Supplied material
______
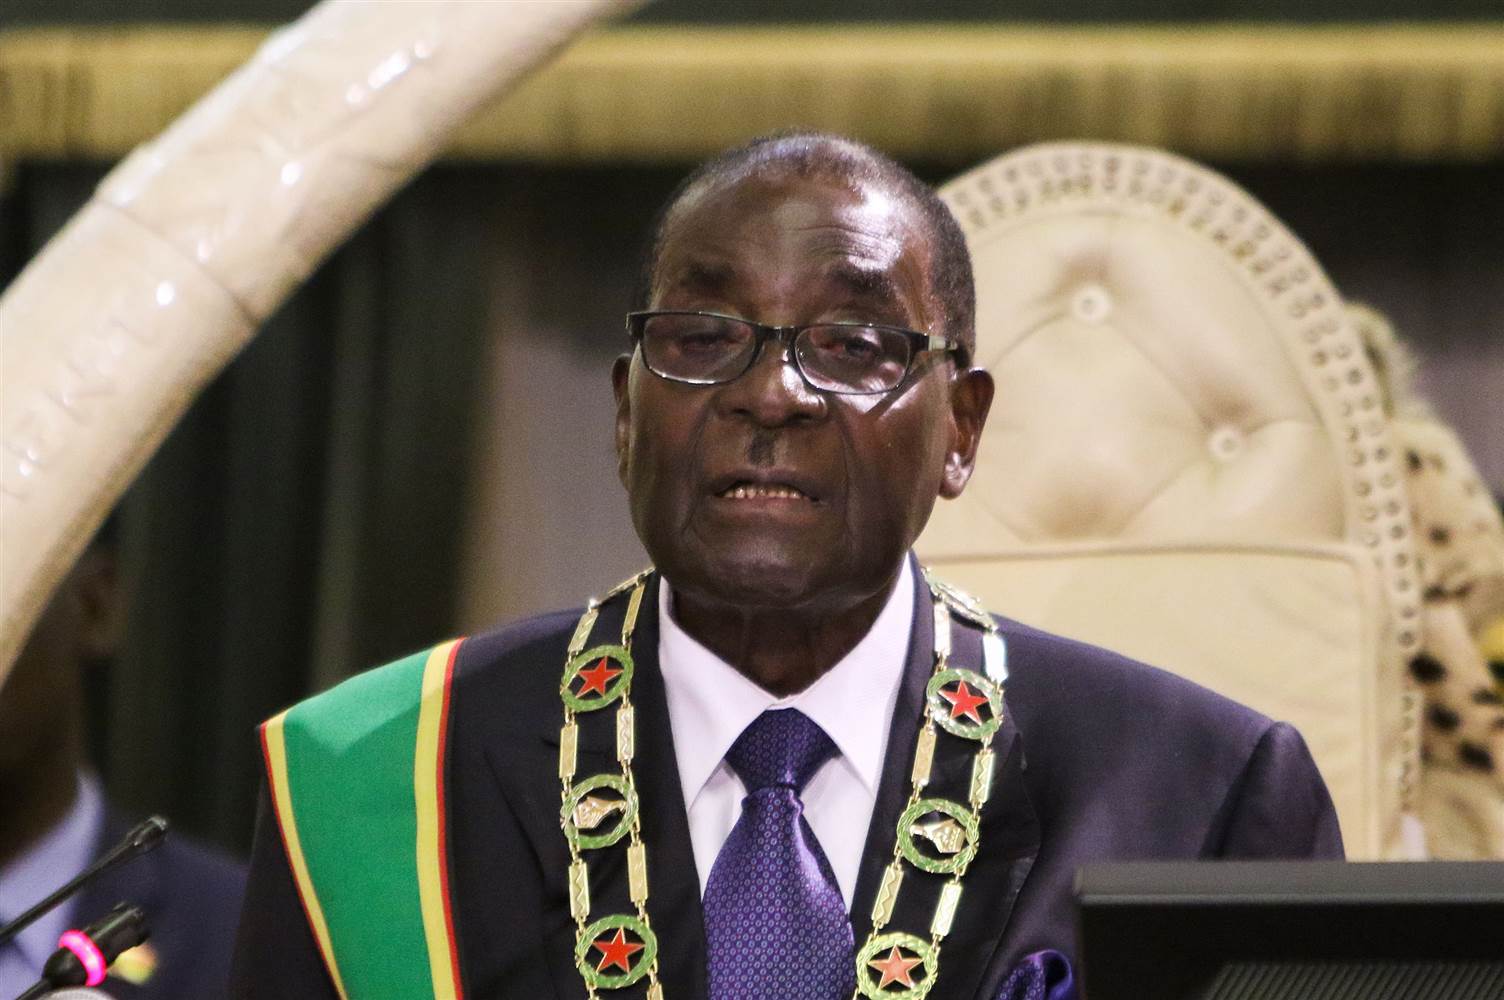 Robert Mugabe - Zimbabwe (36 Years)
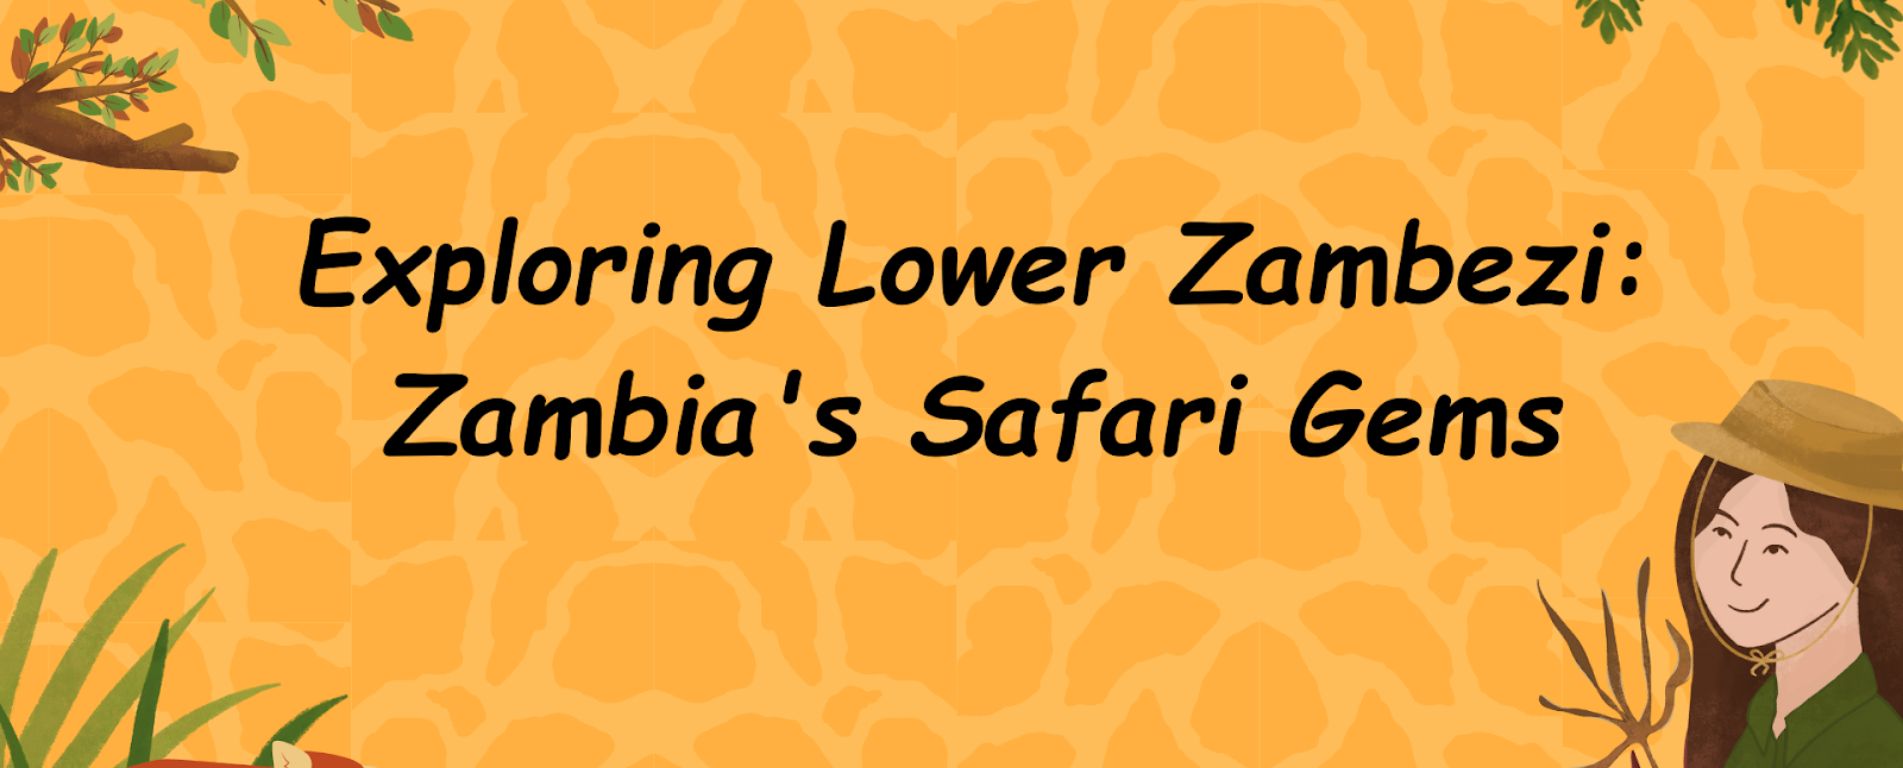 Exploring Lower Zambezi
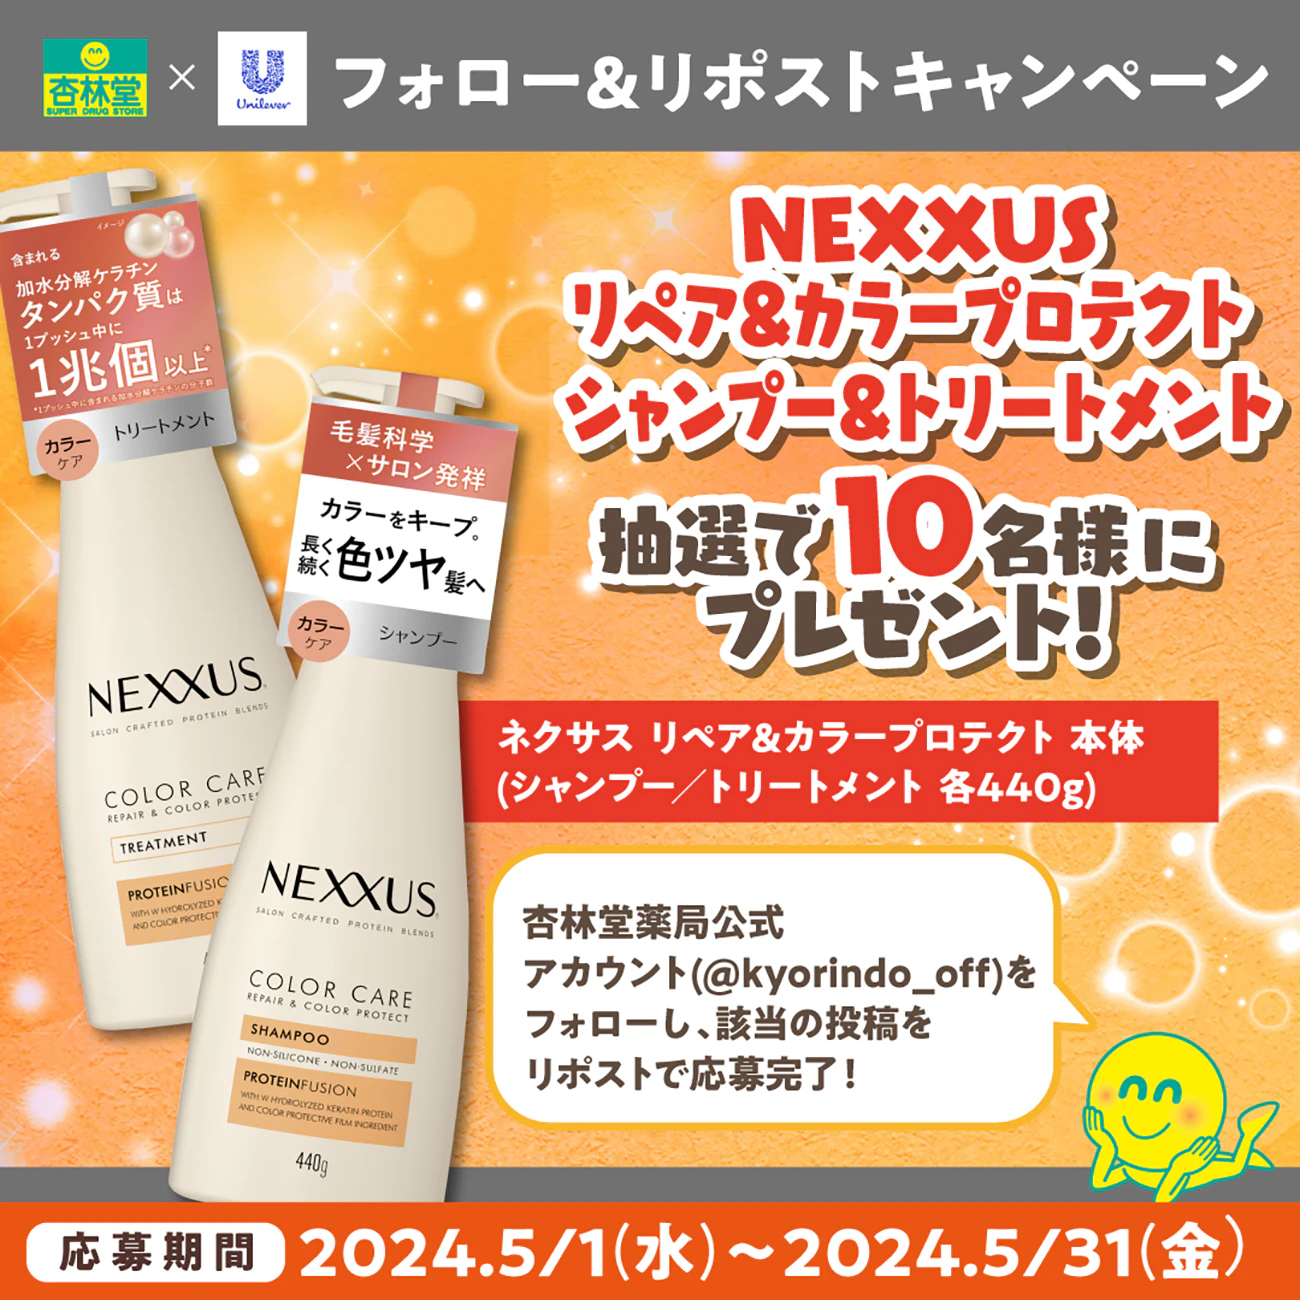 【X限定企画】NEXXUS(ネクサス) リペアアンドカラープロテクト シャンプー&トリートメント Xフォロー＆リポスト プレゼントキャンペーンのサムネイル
______
Your goal
Nothing but the lines from the line with "Exploring Lower Zambezi" through the last line of the listing above should be repeated, and pictures should be left out.

Problem solution
 Exploring Lower Zambezi
 【X限定企画】NEXXUS(ネクサス) リペアアンドカラープロテクト シャンプー&トリートメント Xフォロー＆リポスト プレゼントキャンペーンのサムネイル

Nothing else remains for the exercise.